Wind in the hair is one thing, but nobody enjoys cockpit turbulence and buffeting, especially on long drives.  Small corner windows block drafts between the windshield pillars and door mirrors into the cockpit. An aero board located between the seat back hoops is tall and perforated to slow down reverse-flow air that rushes into the cockpit.

The quick acceleration and nimble handling of the MX-5 is due to its light weight as weight slows acceleration, lengthens braking distances, dulls handling and cripples fuel economy.  Weight saving measures in the MX-5 include the use of an aluminum hood and trunk lid while the unibody makes widespread use of high-strength and ultra-high-strength steel, boosting body strength.  The 2.0 liter engine has an exhaust manifold made of lightweight tubular steel instead of cast iron, and the intake manifold and cam cover are made from lightweight composite plastic.  My top-of-the-line Grand Touring Premium Package MX-5 Miata weighs only 2,511lbs. yet is holds the road like a more heavier sports car.

Standard equipment not mentioned above includes dual power-remote door mirrors, automatic AC, power windows with one-touch down, power door locks, remote keyless entry, heated/leather trimmed sport bucket seats, leather shift knob, leather trimmed hand brake, auto dimming rearview mirror with Homelink, dual cupholders under a sliding door on the center console, silver seat back bar trim, steering wheel mounted cruise control and audio buttons, AM-FM/MP3/6-dics CD with Bose 7-speaker premium audio system, auxiliary audio input jack, trip computer, rear center console storage, glove box, lighted trunk, driver seat height adjustment, dual map lamps, thick pile-cut carpeting and Miata signature floor mats.  My top-of-the-line Grand Touring with Premium Package MX-5 came with these options: sport-tuned suspension, Bilstein shocks, anti-theft alarm, Mazda Advanced keyless entry system, Bluetooth hands-free phone system, Xenon headlamps, disc brakes with Traction Control, Limited Slip Differential and SIRIUS satellite radio.

Standard safety features include 24-hour roadside assistance, tire pressure monitoring system, dual front airbags with passenger-side deactivation, side impact airbags and door beams, front/rear crumple zones, vehicle stability control, and 3-point safety belts with pretensioners/load limiters.

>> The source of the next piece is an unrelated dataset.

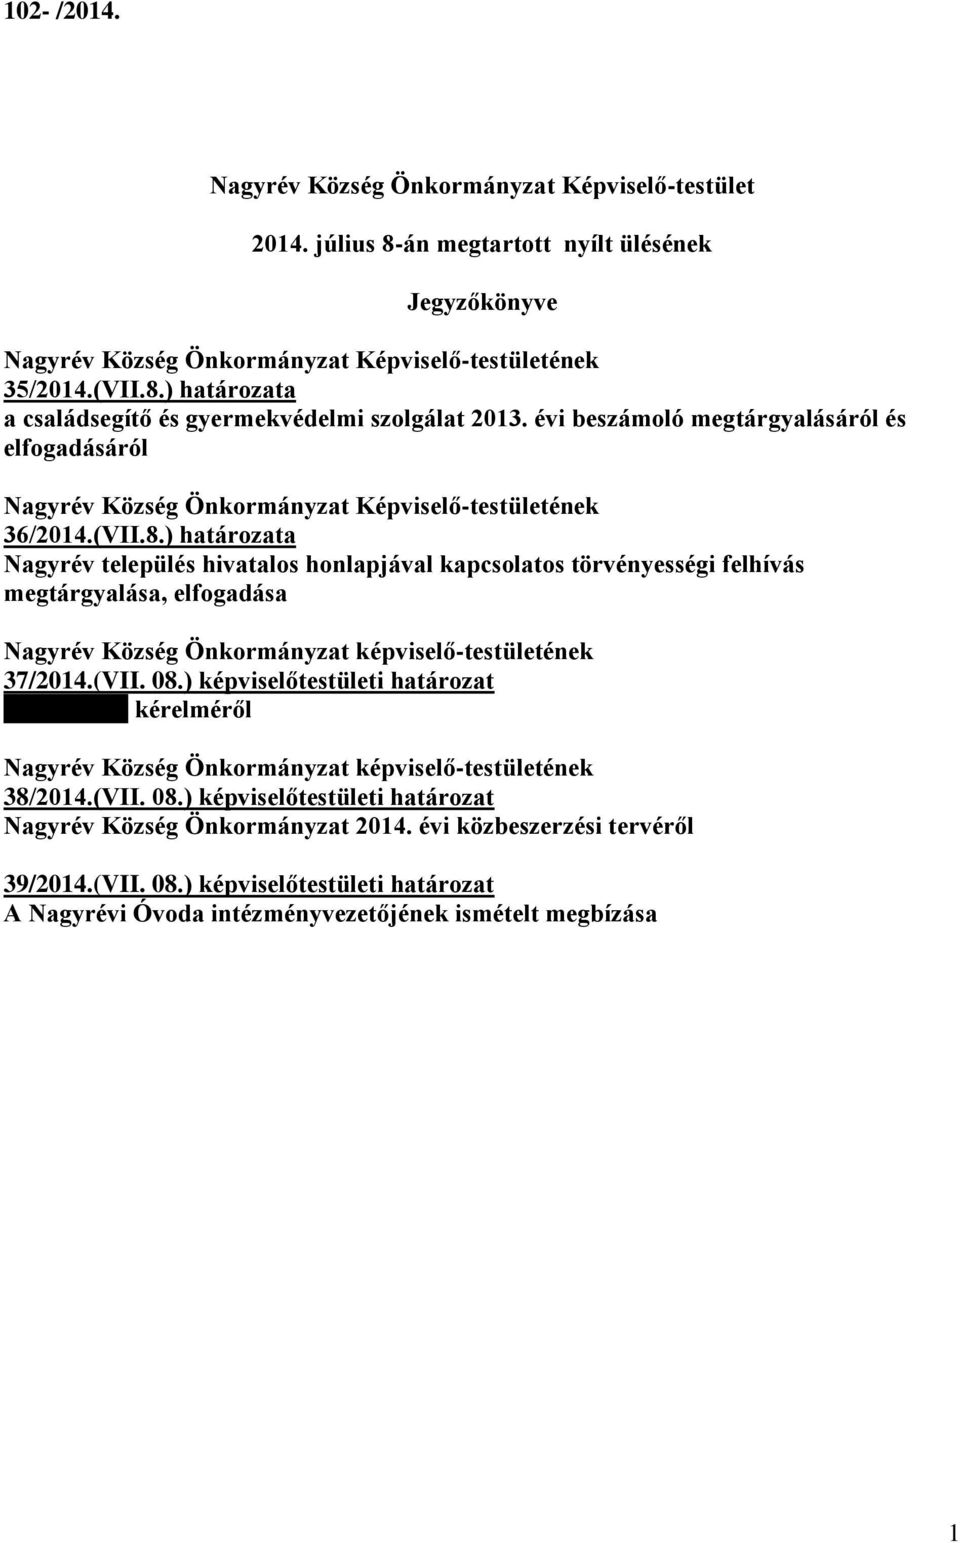 ) határozata Nagyrév település hivatalos honlapjával kapcsolatos törvényességi felhívás megtárgyalása, elfogadása Nagyrév Község Önkormányzat képviselő-testületének 37/2014.(VII. 08.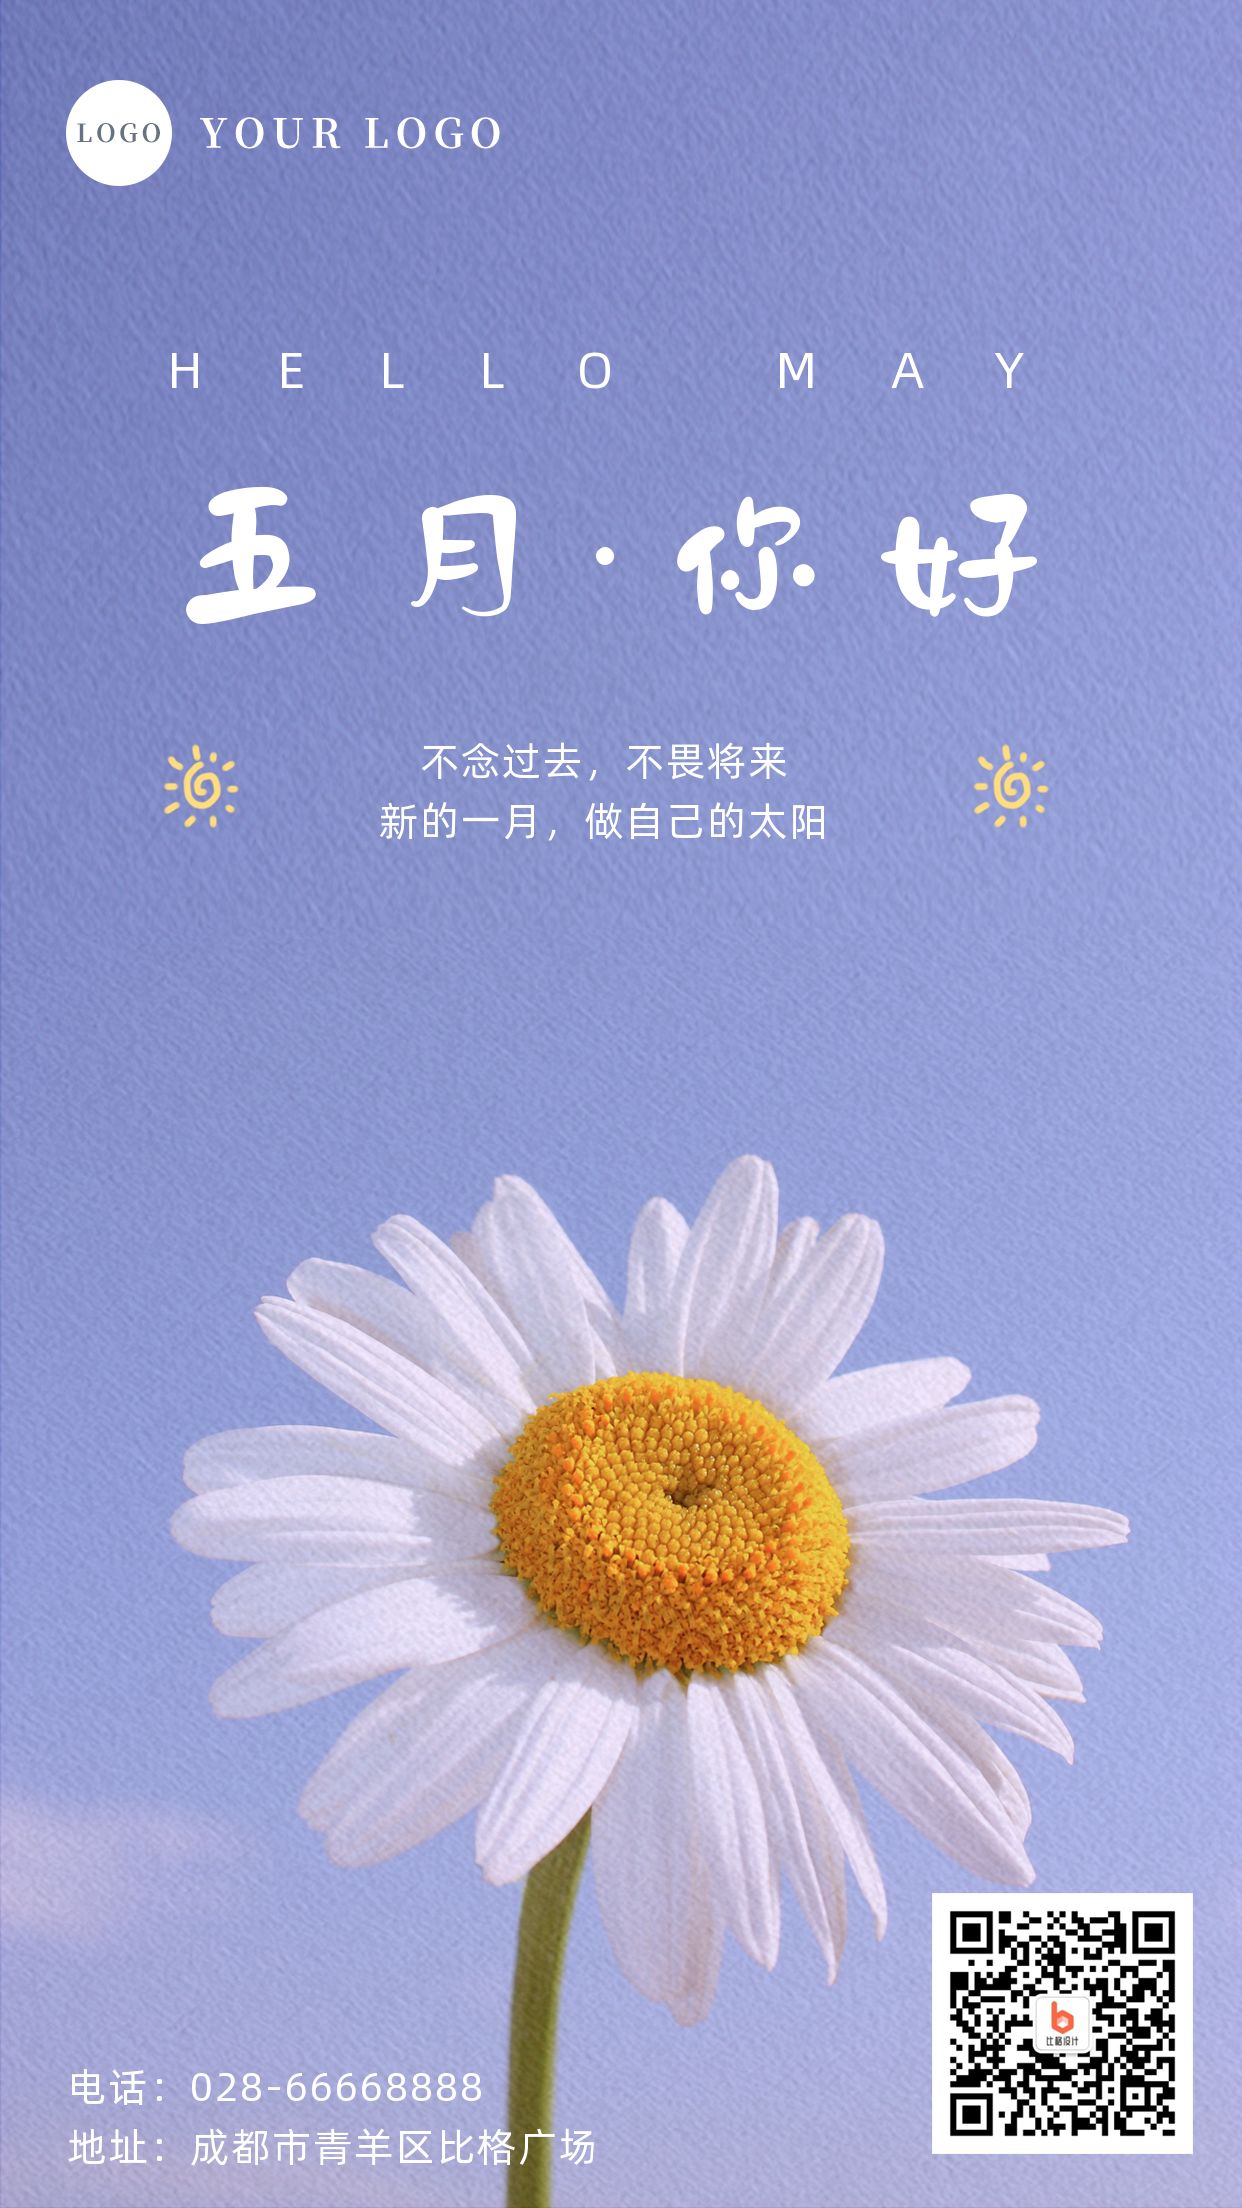 浪漫五月之恋粉色520节日表白爱情故事图片开场AE模板-92素材网

You can spend much more money on a more powerful, hardtop convertible roadster but you will not come close to the fun and excitement that the new 2010 Mazda MX-5 Miata hardtop convertible brings to the fore-an inexpensive, fun and easy-to-drive 2-seat roadster that is solidly planted on the freeway at high speeds and can tackle any curving roads that you my encounter.



Price: Base Sport – $22,960 Base Grand Touring Hardtop Convertible – $28,400 As-Tested – $30,550
Type: Compact Convertible
Where Built: Japan
EPA Class: Two Seaters


Length: 157.3 in.
Width: 67.7 in.
Height: 49.4 in.
Wheel Base: 91.7 in.
Ground Clearance: 4.6 in.
Curb Weight: 2593 lbs.
Gross Weight: 3122 lbs.

Front Head Room: 37 in.
Front Hip Room: 50.6 in.
Front Shoulder Room: 53.2 in.
Front Leg Room: 43.1 in.
Luggage Capacity: 5.3 cu. ft.
Maximum Cargo Capacity: 5 cu. ft.
Maximum Seating: 2

Performance Data

Engine Number of Cylinders: 4
Engine Size: 2 liters
Engine Type: Inline 4
Horsepower: 167 hp
Max Horsepower: 7000 rpm
Torque: 140 ft-lbs.
Max Torque: 5000 rpm
Drive Type: RWD
Turning Circle: 30.8 ft.
0-60mph: 6.8 seconds

Fuel Data

Fuel Tank Capacity: 12.7 gal.
EPA Mileage Estimates: (City/Highway/Combined)
Manual: 21 mpg / 28 mpg / 24 mpg
Range in Miles:
Manual: 266.7 mi. / 355.6 mi. / 304.8 mi.